5. The sequences should reflect the overview of H3N2's distribution.

**Import Useful Libraries:**

In [1]:
import re
import time
import selenium
from selenium import webdriver
import warnings
warnings.filterwarnings('ignore')

**Method to label the [location]/[year]:**<br>
- takes in a location and the fasta text
- using regex, extracts year and removes text between parenthesis "( ... )"
- returns text prefixed with location/year label

In [33]:
def label_fasta_format(country_, text_, index):
    try:
        year_ = re.findall('\(.*?\)',text_)[0].split('/')[-1].split('(')[0]
        #print('year:', year_)
        if int(year_) < 1900:
            year_ = '#X#X#'
        temp_text = re.sub(r" ?\([^)]+\)", "", text_)
        #print(temp_text)
        temp_text = temp_text.lstrip('>')
        country =  re.sub(" ", "_", country_)
        #print('country:', country)
        prefix = '>' + country + '/' + year_ + '/' + str(index) + ' '      
        #print(prefix)
        #print('###\n\n', prefix + temp_text, '\n')
        return ( prefix + temp_text )
    
    except:
        return 'xxxx/xxxx  ' + text_
        print('Label Error')

In [34]:
texty = '>AJK03248.1 hemagglutinin, partial [Influenza A virus (A/Ukraine/96/2009(H3N2))]\nMKTIIALSHILCLVFAQKLPGNDNSTATLCLGHHAVPNGTIVKTITNDQIEVTNATELVQSSSTGEICDS\nPHQILDGENCTLIDALLGDPQCDGFQNKKWDLFVERSKAYSNCYPYDVPDYASLRSLVASSGTLEFNNES\nFNWTGVTQNGTSSACIRRSNNSFFSRLNWLTHLKFKYPALNVTMPNNEQFDKLYIWGVHHPGTDNDQIFL\nYAQASGRITVSTKRSQQTVIPNIGSRPRVRNIPSRISIYWTIVKPGDILLINSTGNLIAPRGYFKIRSGK\nSSIMRSDAPIGKCNSECITPNGSIPNDKPFQNVNRITYGACPRYVKQNTLKLATGMRNVPEKQTRGIFGA\nIAGFIENGWEGMVDGWYGFRHQNSEGRGQAADLKSTQAAIDQINGKLNRLIGKTNEKFHQIEKEFSEVEG\nRIQDLEKYVEDTKIDLWSYNAELLVALENQHTIDLTDSEMNKLFEKTKKQLRENAEDMGNGCFKIYHKCD\nNACIGSIRNGTYDHDVYRDEALNNRFQIKGVELKSGYKDWILWISFAISCFLLCVALLGFIMWACQKGNI\nRCNICI'
label_fasta_format('New Zealand', texty, 0)

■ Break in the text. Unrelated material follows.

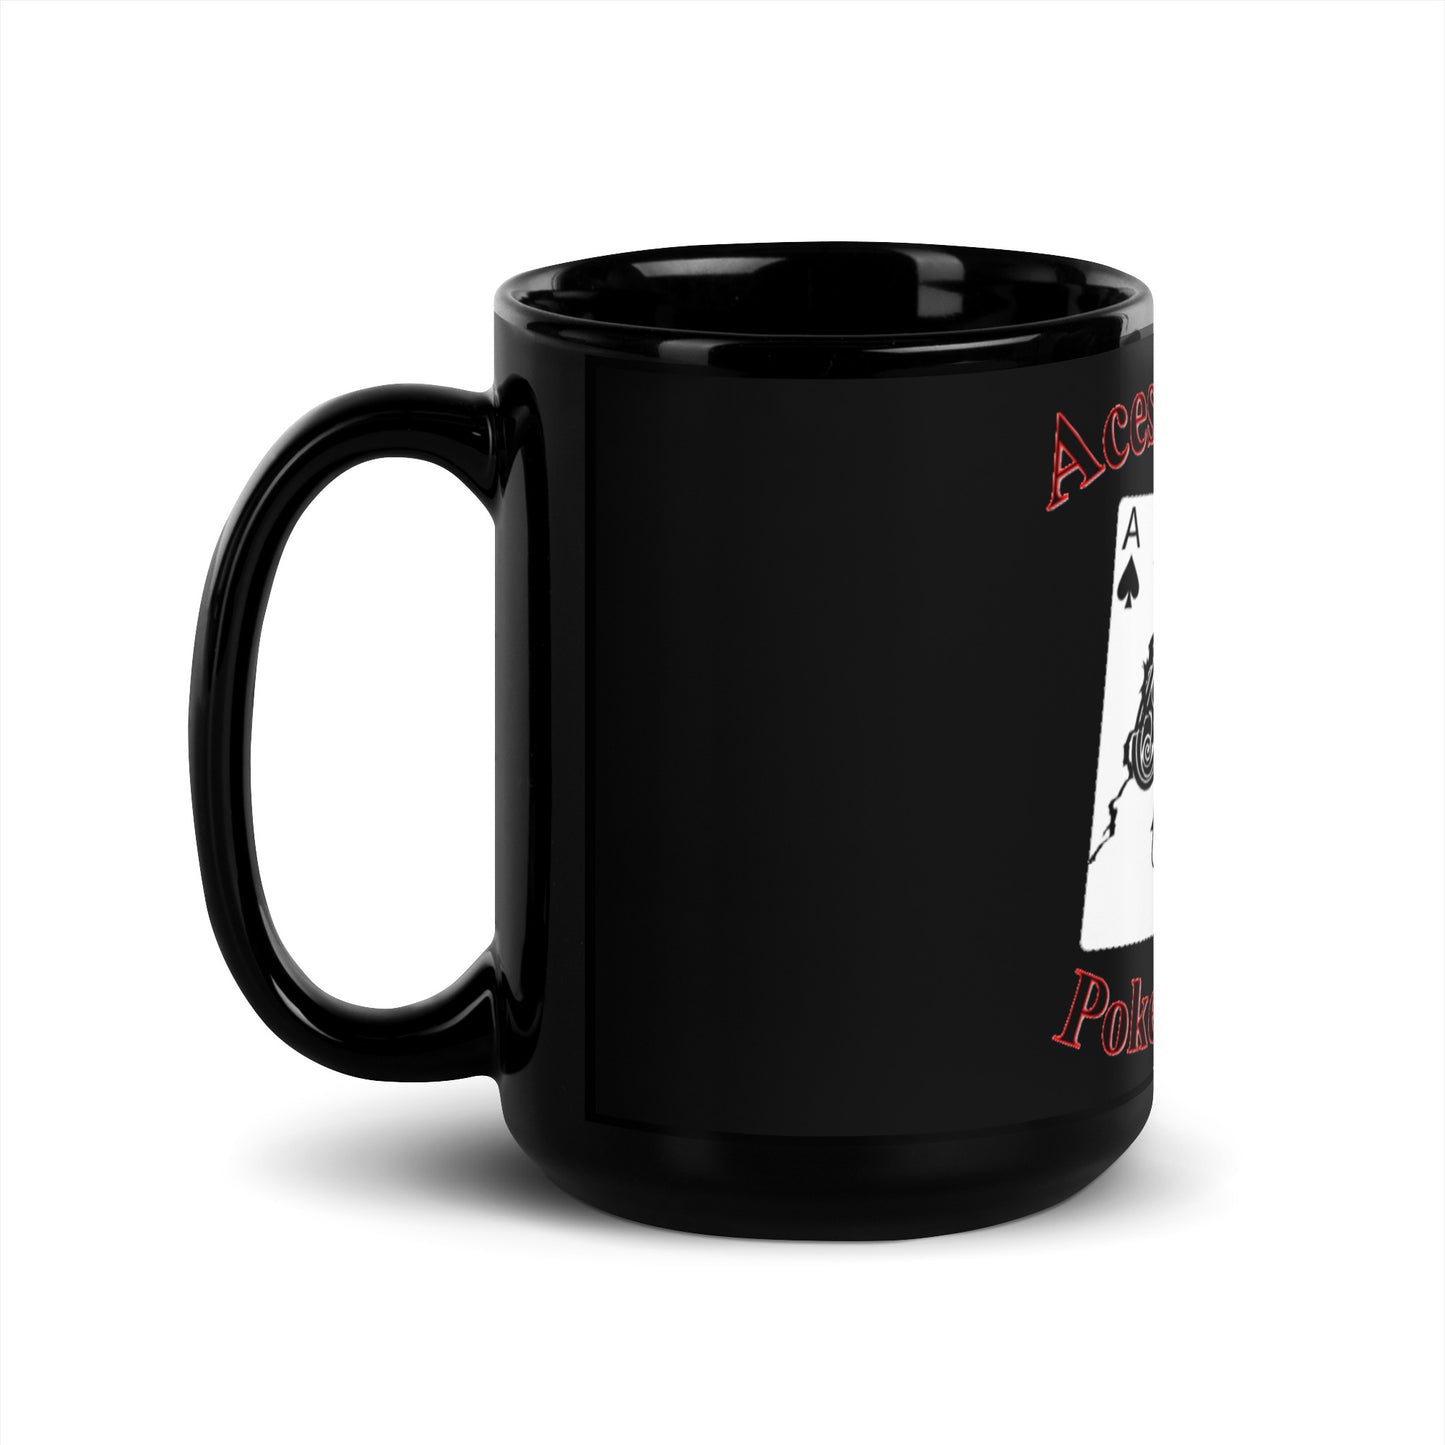 Aces Cracked Coffee Mug

'>New_Zealand/2009/0 AJK03248.1 hemagglutinin, partial [Influenza A virus)]\nMKTIIALSHILCLVFAQKLPGNDNSTATLCLGHHAVPNGTIVKTITNDQIEVTNATELVQSSSTGEICDS\nPHQILDGENCTLIDALLGDPQCDGFQNKKWDLFVERSKAYSNCYPYDVPDYASLRSLVASSGTLEFNNES\nFNWTGVTQNGTSSACIRRSNNSFFSRLNWLTHLKFKYPALNVTMPNNEQFDKLYIWGVHHPGTDNDQIFL\nYAQASGRITVSTKRSQQTVIPNIGSRPRVRNIPSRISIYWTIVKPGDILLINSTGNLIAPRGYFKIRSGK\nSSIMRSDAPIGKCNSECITPNGSIPNDKPFQNVNRITYGACPRYVKQNTLKLATGMRNVPEKQTRGIFGA\nIAGFIENGWEGMVDGWYGFRHQNSEGRGQAADLKSTQAAIDQINGKLNRLIGKTNEKFHQIEKEFSEVEG\nRIQDLEKYVEDTKIDLWSYNAELLVALENQHTIDLTDSEMNKLFEKTKKQLRENAEDMGNGCFKIYHKCD\nNACIGSIRNGTYDHDVYRDEALNNRFQIKGVELKSGYKDWILWISFAISCFLLCVALLGFIMWACQKGNI\nRCNICI'

**Scrape the sequences, we chose locations and took ~2 from each one:**

In [35]:
countries = ['Ukraine', 'France', 'Spain', 'Germany', 'Mexico', 'Russia', 'China', 'South Korea', 'Japan',
            'Alberta', 'Ontario', 'Chicago', 'Boston', 'Brazil', 'India', 'Sweden', 'Australia', 'New Zealand',
            'Egypt', 'England' ]

seq_list = []

driver = webdriver.Firefox()

for country in countries:
    
    # Bring up NCBI Webpage for Protein H3N2
    driver.get('https://www.ncbi.nlm.nih.gov/protein/?term=H3N2')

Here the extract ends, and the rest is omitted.